------ DATA BELOW

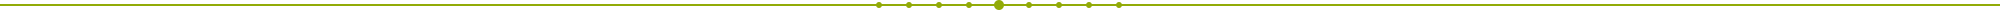 linea temporal verde usada como separador
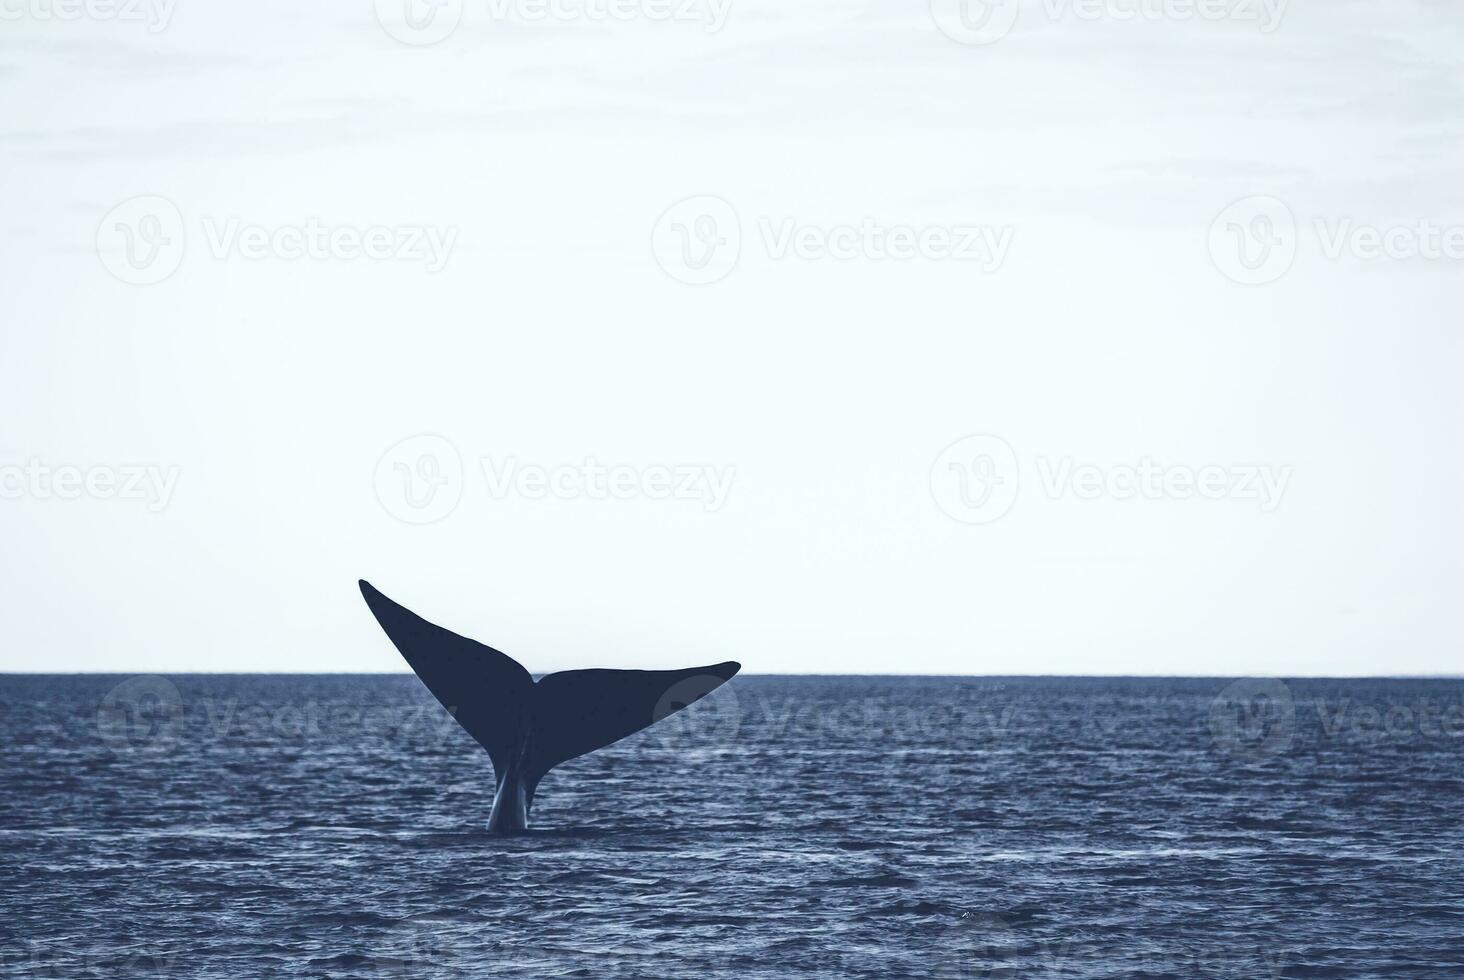 sohutern certo baleia cauda, ameaçadas de extinção espécies, Patagônia, Argentina foto
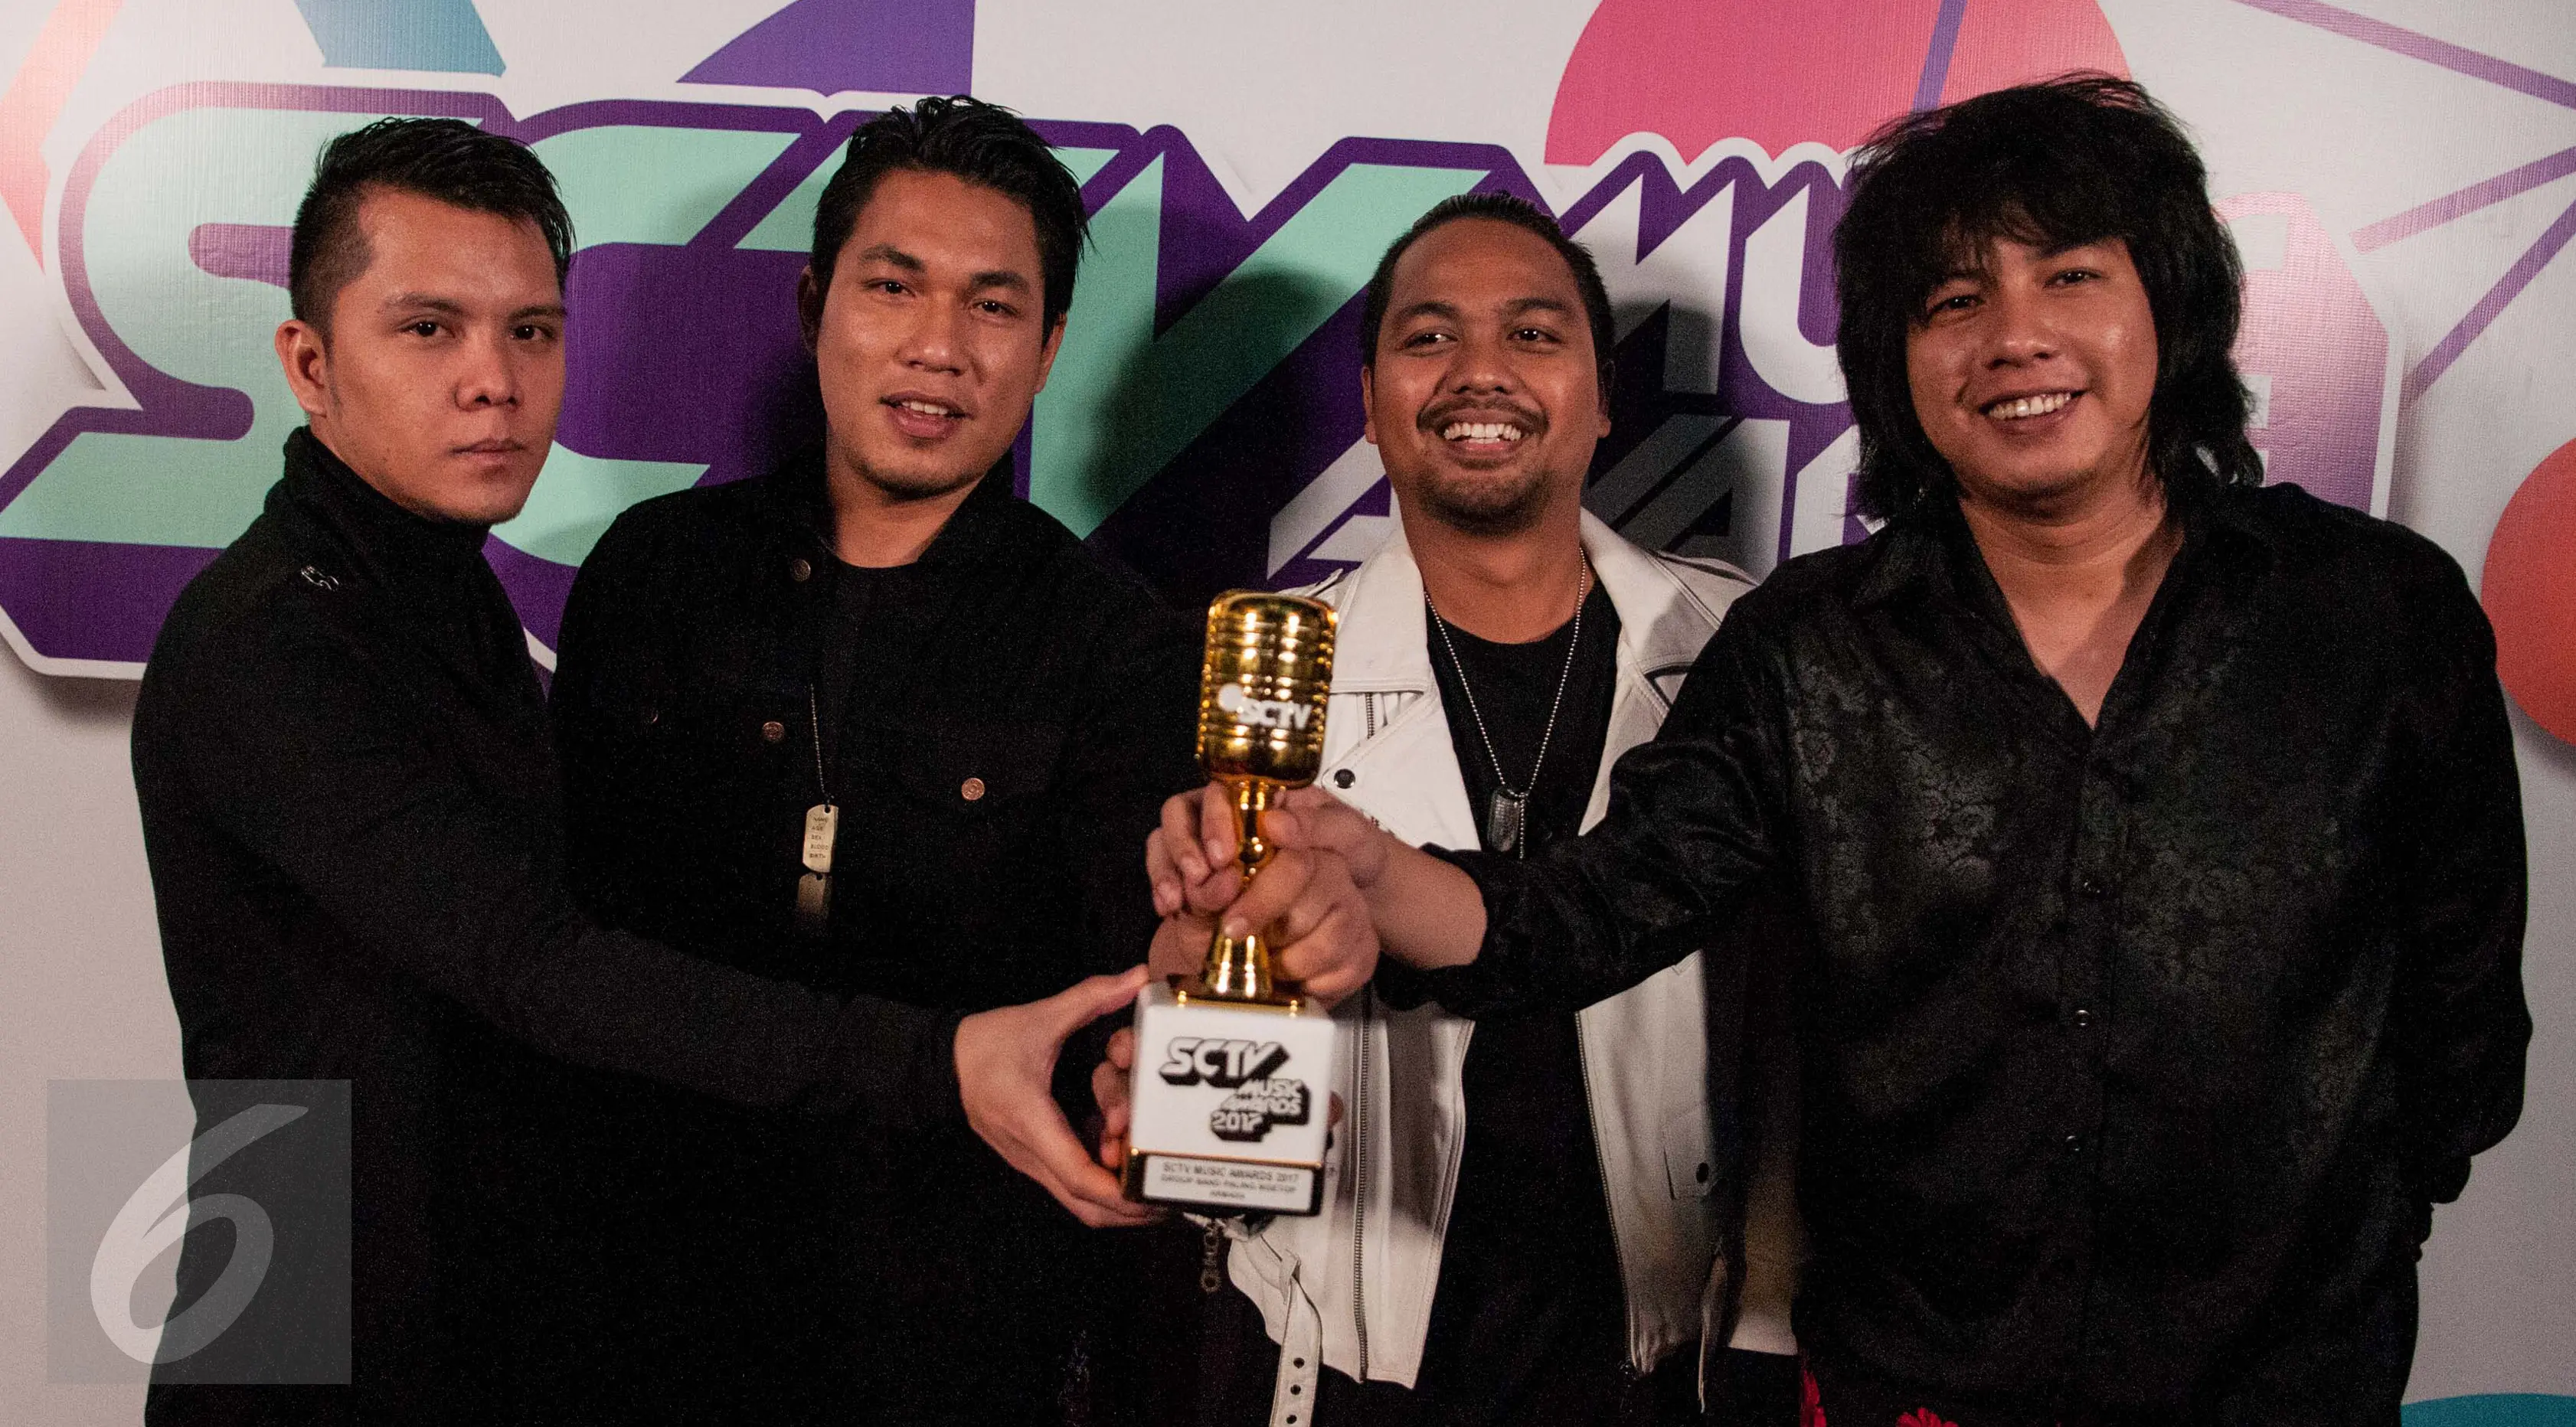 Band Armada meraih penghargaan dari ajang SCTV Music Awards 2017 di Studio 6 Emtek City, Jakarta Barat, Selasa (16/5) malam. Armada menerima penghargaan untuk kategori Grup Band Paling Ngetop 2017. (Liputan6.com/Gempur M Surya)
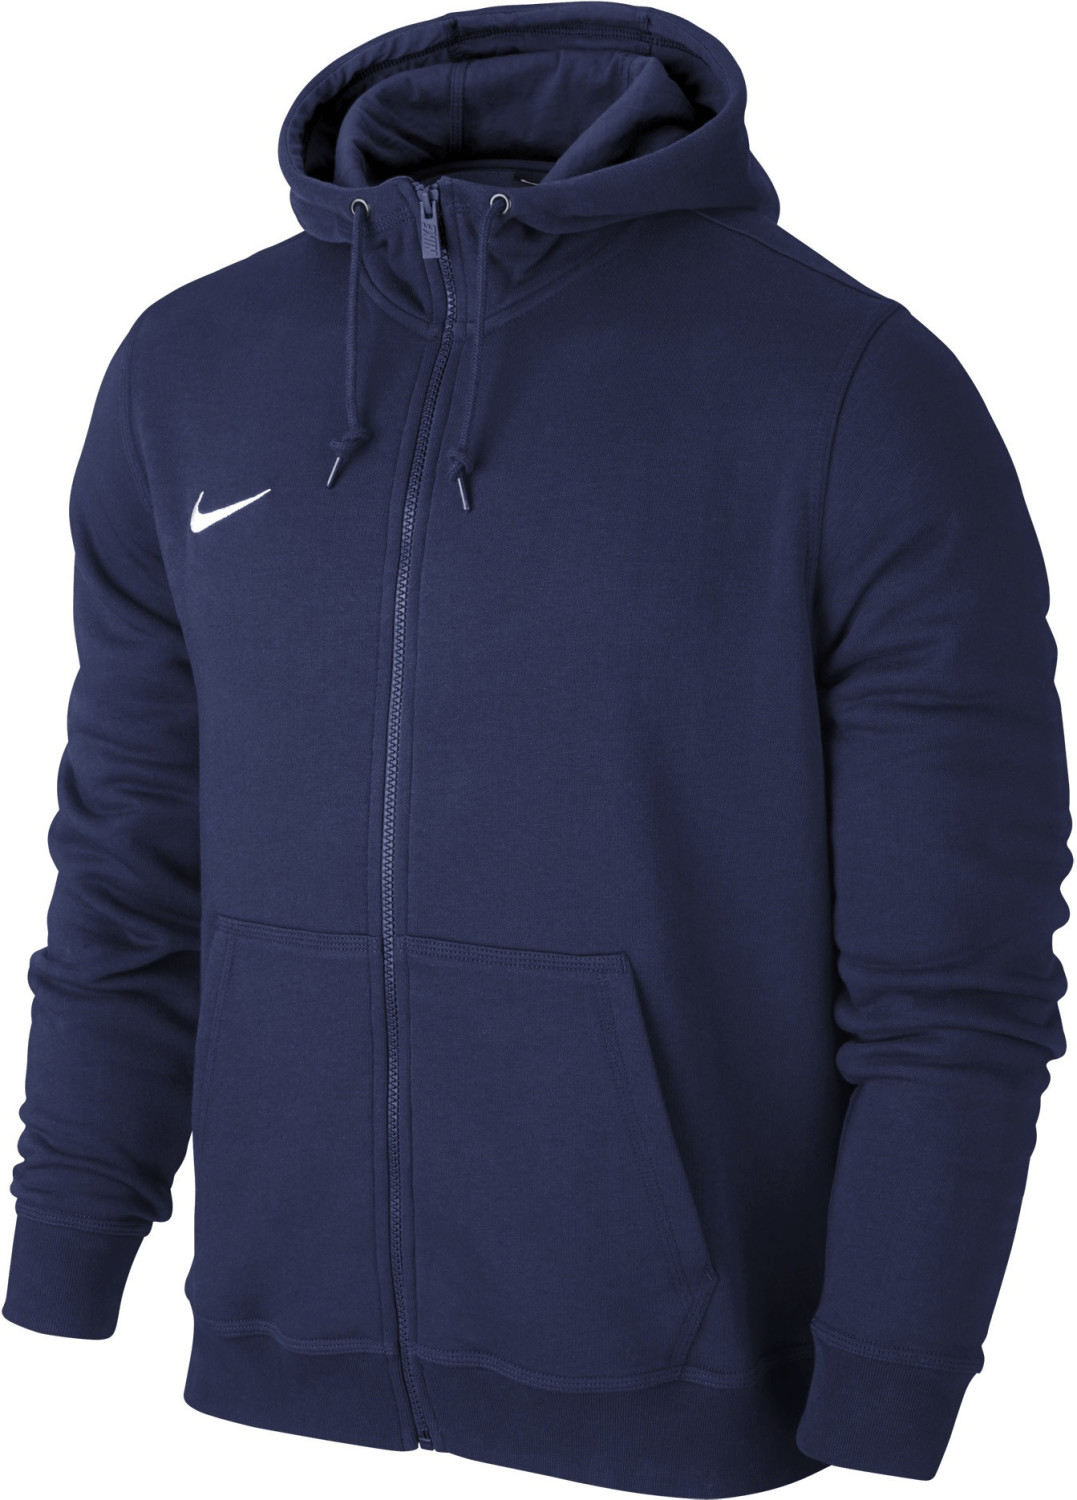 Nike Team Club Full Zip (658497-451) navy blue

------------

Give back the material above exactly as written, but omit the images.

 linea temporal verde usada como separador
 sohutern certo baleia cauda, ameaçadas de extinção espécies, Patagônia, Argentina foto
 Band Armada meraih penghargaan dari ajang SCTV Music Awards 2017 di Studio 6 Emtek City, Jakarta Barat, Selasa (16/5) malam. Armada menerima penghargaan untuk kategori Grup Band Paling Ngetop 2017. (Liputan6.com/Gempur M Surya)
 Nike Team Club Full Zip (658497-451) navy blue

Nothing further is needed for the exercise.